Грузного человека с соломенной квадратной бородкой он определил так:

— Из первейших акул. Насчет прогрессивного налога пришел торговаться. Будет говорить, что теперь дорого платят нам, рабочим. Вот проверить бы его счет, сколько миллионов скрыл от налога.

А остальные — иностранный генерал, сидевший отчужденно, как только мог, русский генерал, крупный чиновник из министерства.

— Одного Березовского не хватает, — сказал Дунин.

Дежурный генерал наклонялся к очередному посетителю.

— Министр-председатель вас просит.

Приоткрывалась глухая парчовая портьера, за которой не слышно было шагов.

Время шло и шло. За открытым окном была видна Нева. Доносились звонки трамваев.
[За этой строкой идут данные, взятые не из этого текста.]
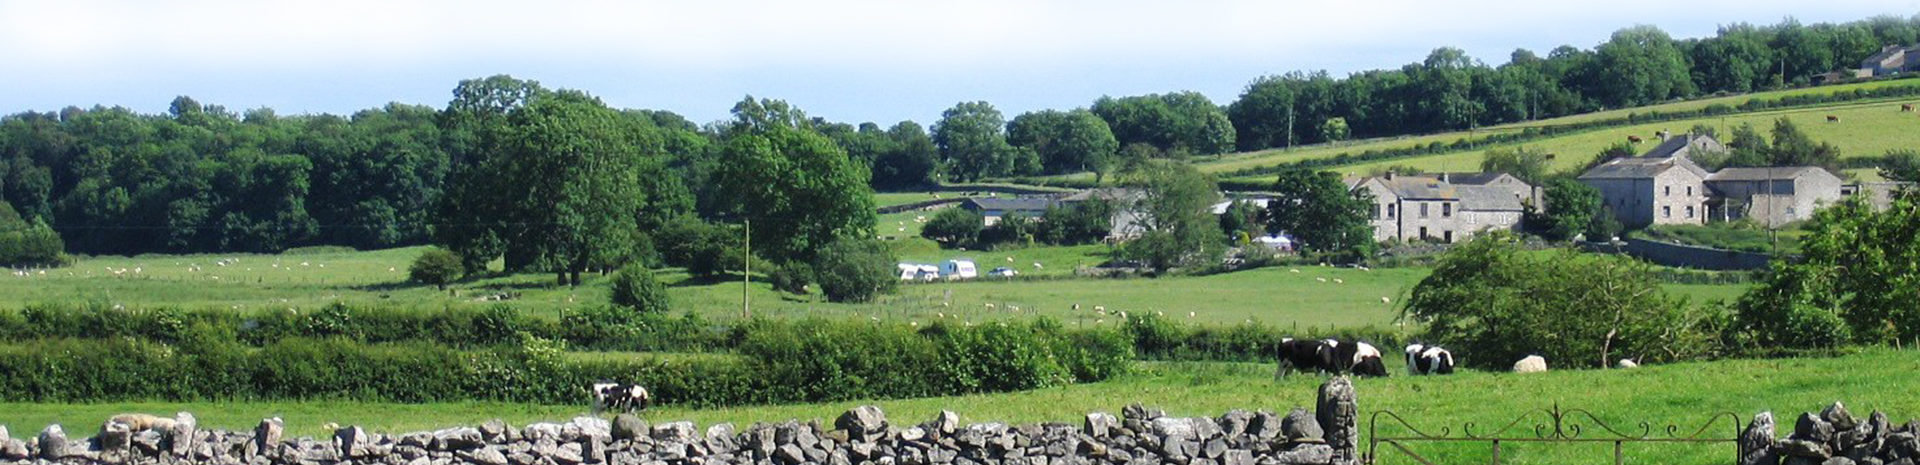 Brackenthwite Farm

— Не пустят нас за занавеску. Все генералов пускают. — Дунин зевнул. — Да вот этого, что насчет прогрессивного налога…

— За этой занавеской, — сердито перебил его Козловский, — Романовых лишили права выбирать в Учредительное собрание.
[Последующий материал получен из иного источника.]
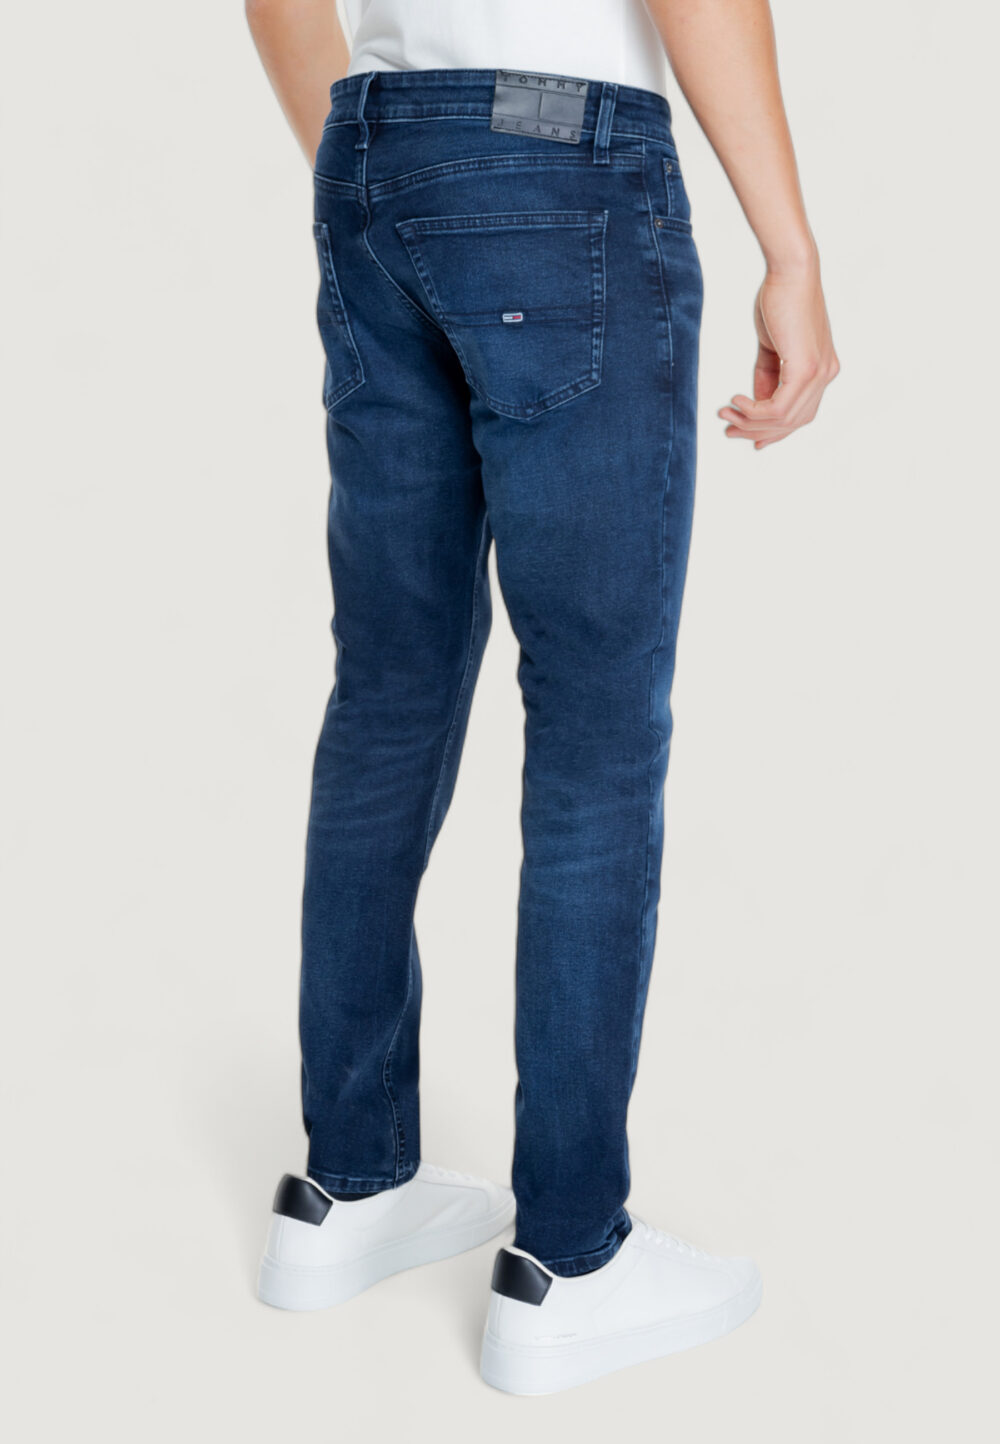 Jeans slim Tommy Hilfiger SCANTON CH1263 Denim scuro - Foto 3

— Н-да, для этого большая смелость требовалась, — протянул Дунин.

Козловский нервно пощипывал кисти пояса. Часа через два дежурный генерал, остановившись на ходу, сообщил Козловскому:

— У министра-председателя начинается экстренное заседание.
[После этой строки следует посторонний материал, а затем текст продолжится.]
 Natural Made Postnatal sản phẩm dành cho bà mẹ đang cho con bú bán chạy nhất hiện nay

По лестницам летели совсем юные адъютанты. Они кричали петушиными голосами:

— Машину Наштасева пода-ай! — хотя машина и без того стояла у крыльца.

— Наштасев? Что это такое? — сам себя спросил Дунин.

— Начальник штаба Северного фронта, — отчеканил юный офицер, услышавший его.

Его также неприятно удивил такой посетитель. Военные шоферы глядели на адъютантов насмешливо.

На площади Дунин покачал головой:

— Не устоять этому.

— Почему? — угрюмо и раздраженно спросил Козловский.

— Хотя бы по одному этому, — он показал на мороженщика, который подкатил тележку на средину площади, к самой триумфальной колонне. — Если б было крепко, не дали бы ему тут стоять. Ну и картина!

Мороженщик торговал бойко. К нему бегали через площадь солдаты.

— Что, купец, не боишься, что тебя отсюда в шею турнут? — спросил Дунин.

Мороженщик махнул рукой в сторону дворца:

— Эти? Не по ранжиру им будет.

Солдаты одобрительно захохотали.

В это самое время в доме на короткой улице, напротив памятника Екатерине, Волчок толковал со старым чиновником министерства юстиции.

— За кого залог вносите?

— За товарища…

— За подследственного, — строго перебил старик, служивший трем царям и недавней власти. — Товарищей здесь не было и нет.

У кассы Волчок развернул ситцевый платок и долго пересчитывал деньги. Кассир торопил его.

— Сами ж такие деньги печатаете, — огрызался Волчок. — Разве это деньги? Этикетки с пива.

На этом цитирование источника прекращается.